What is expected -
The response should consist of the data below, copied exactly, with no pictures in it.

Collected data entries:

* * * * * * *

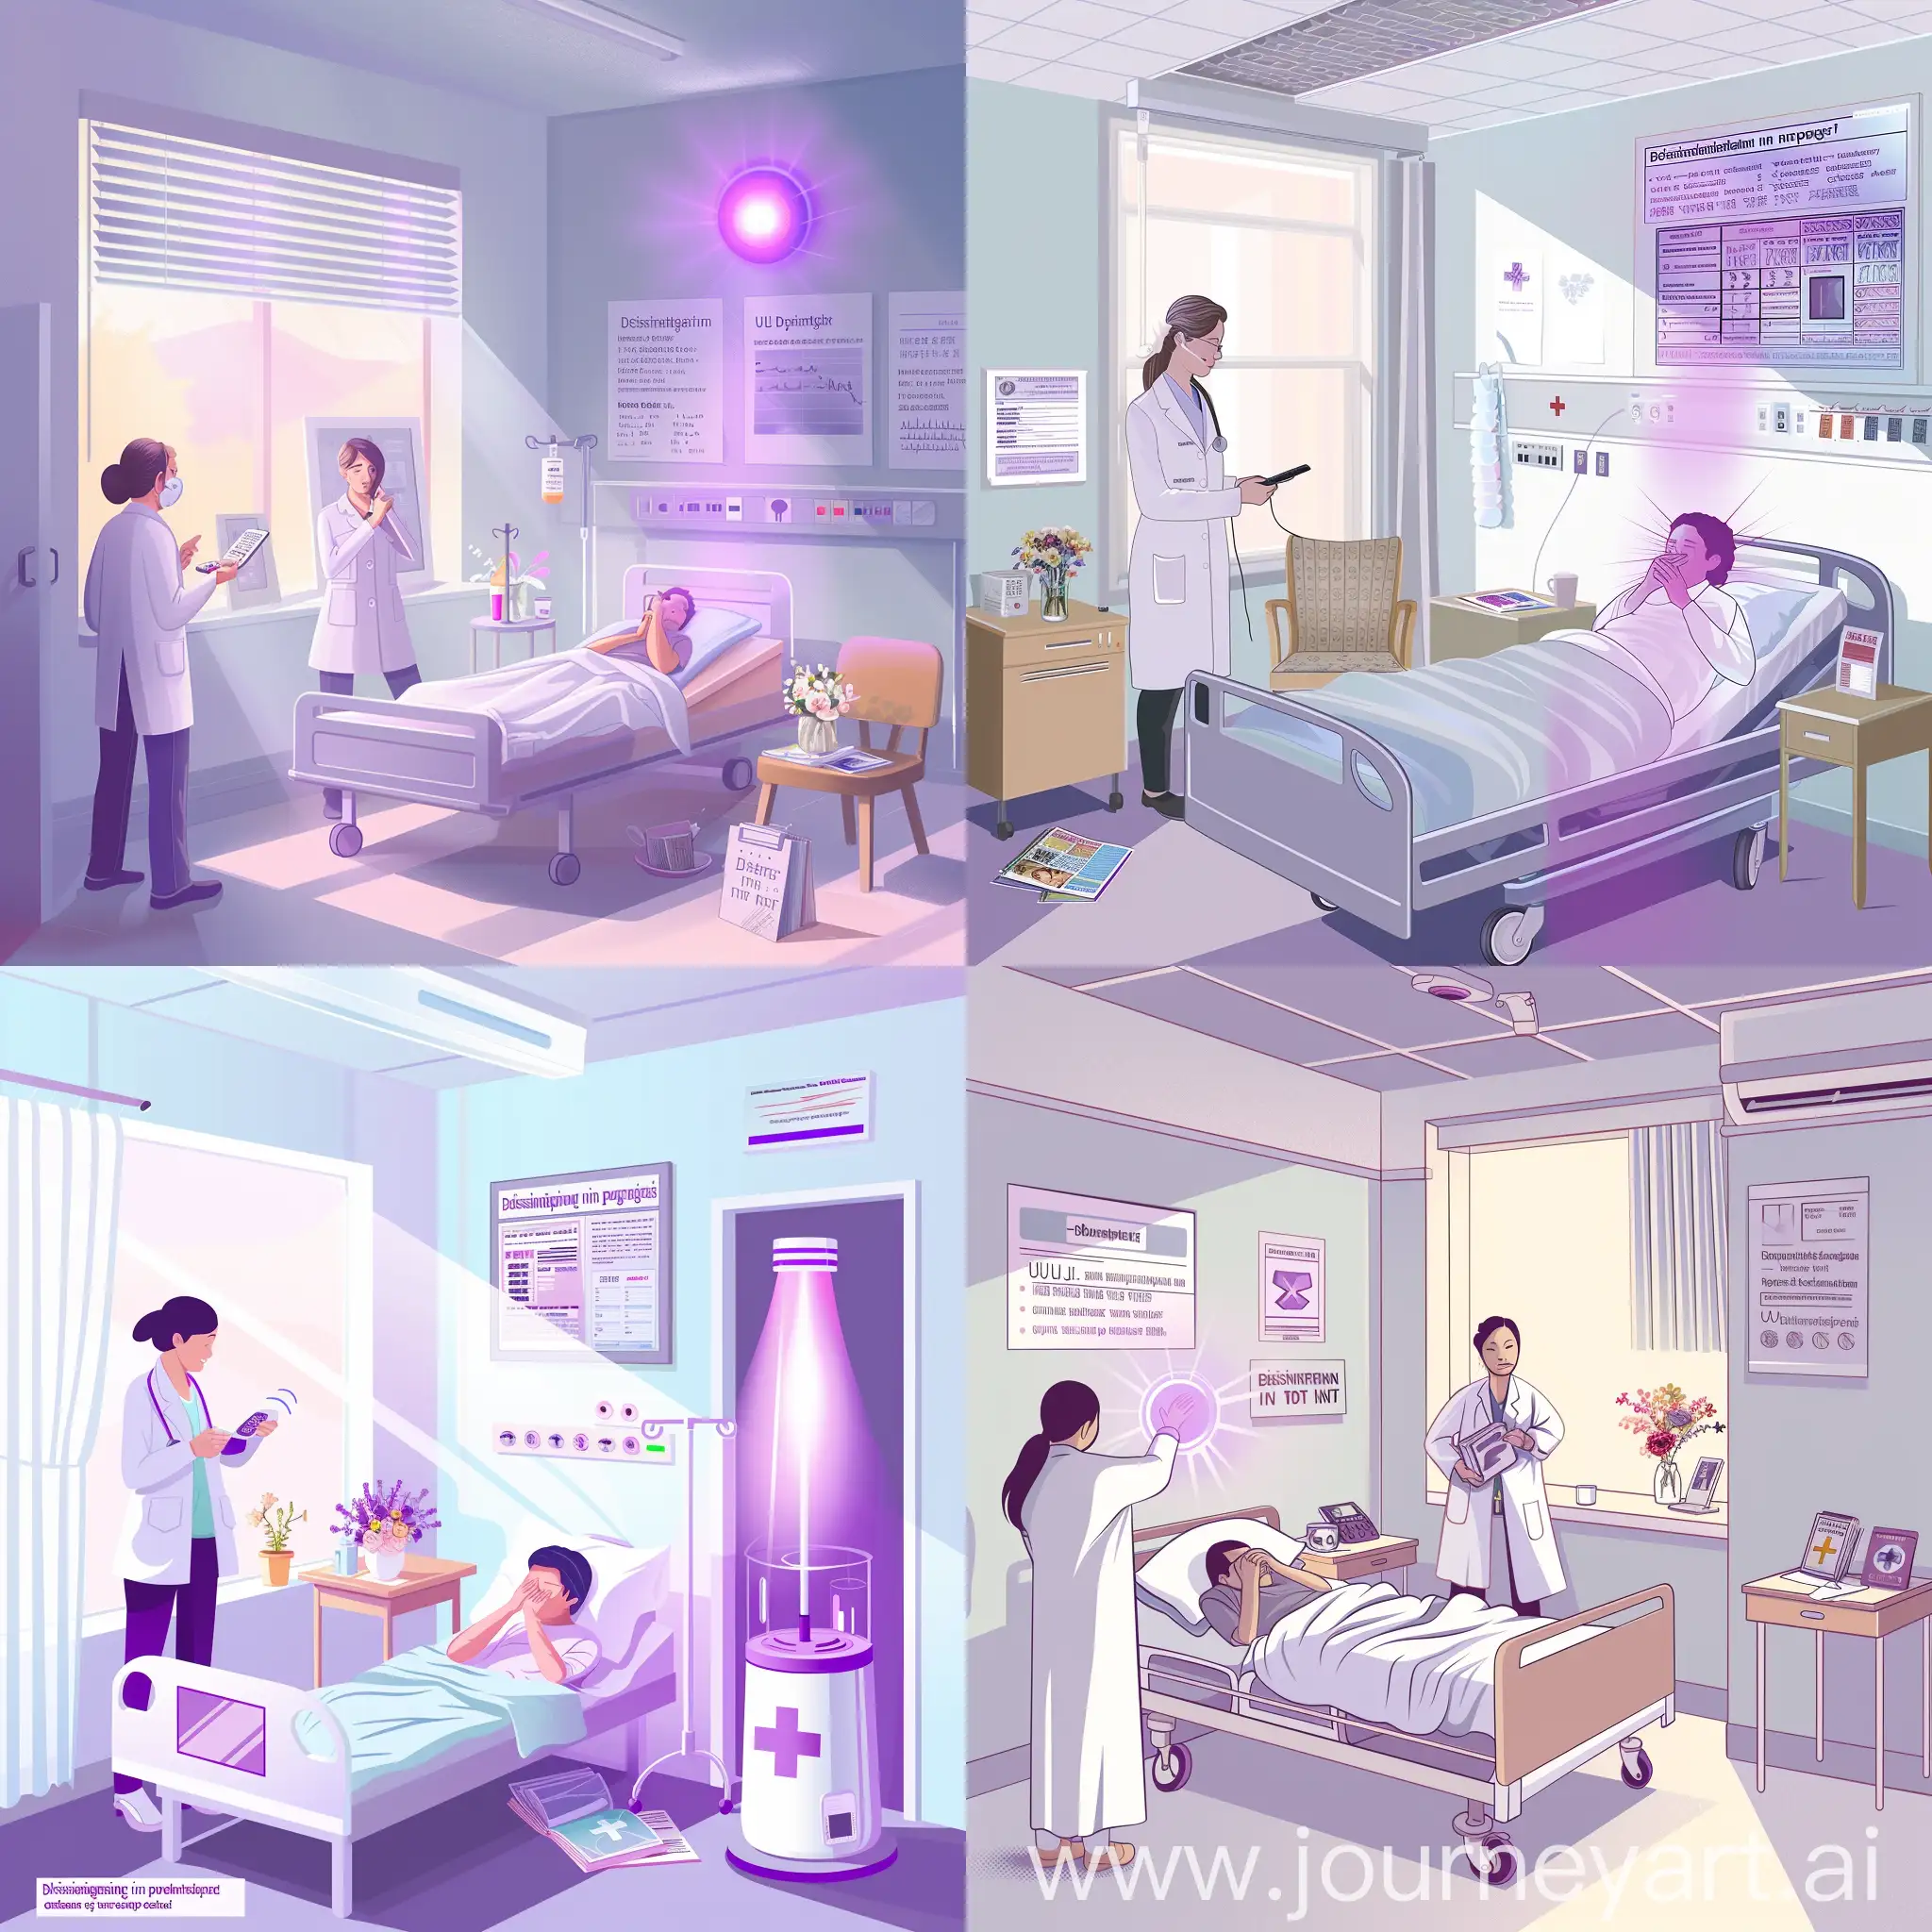 背景：医院病房内部，有一张病床、床头柜和一把椅子。墙上挂着一些医疗相关的图表和提示牌。

主要元素：

紫外线消毒灯：在图片的一角，可以看到一个紫外线消毒灯的轮廓，它的灯管发出紫色的光线。
护理人员：一名穿着护士服的护理人员站在病房门口，她正操作着一个遥控器，表情专注。
病人：在病床上躺着一位病人，用手臂遮挡眼睛，表情显示出不适。
医生：一位穿着白大褂的医生正在向病人解释情况，旁边放着一些医疗文件和紫外线消毒的说明书。
细节：

病房的窗户半开着，阳光透过窗户洒进来，与紫外线灯的光线形成对比。
病房内有一些小物件，如水杯、花束和一本杂志，这些细节增加了场景的真实感。
在床头柜上，有一张“消毒进行中，请勿进入”的警示牌。
色彩与光影：

病房的整体色调以白色和淡蓝色为主，营造出清洁、宁静的氛围。
紫外线灯发出的紫色光线在画面中形成鲜明的对比，突出其重要性。
光影的处理要体现出紫外线灯的强烈照射效果，同时也要表现出病房内温馨的氛围。

* * * * * * *

Output of the exercise -
 背景：医院病房内部，有一张病床、床头柜和一把椅子。墙上挂着一些医疗相关的图表和提示牌。

主要元素：

紫外线消毒灯：在图片的一角，可以看到一个紫外线消毒灯的轮廓，它的灯管发出紫色的光线。
护理人员：一名穿着护士服的护理人员站在病房门口，她正操作着一个遥控器，表情专注。
病人：在病床上躺着一位病人，用手臂遮挡眼睛，表情显示出不适。
医生：一位穿着白大褂的医生正在向病人解释情况，旁边放着一些医疗文件和紫外线消毒的说明书。
细节：

病房的窗户半开着，阳光透过窗户洒进来，与紫外线灯的光线形成对比。
病房内有一些小物件，如水杯、花束和一本杂志，这些细节增加了场景的真实感。
在床头柜上，有一张“消毒进行中，请勿进入”的警示牌。
色彩与光影：

病房的整体色调以白色和淡蓝色为主，营造出清洁、宁静的氛围。
紫外线灯发出的紫色光线在画面中形成鲜明的对比，突出其重要性。
光影的处理要体现出紫外线灯的强烈照射效果，同时也要表现出病房内温馨的氛围。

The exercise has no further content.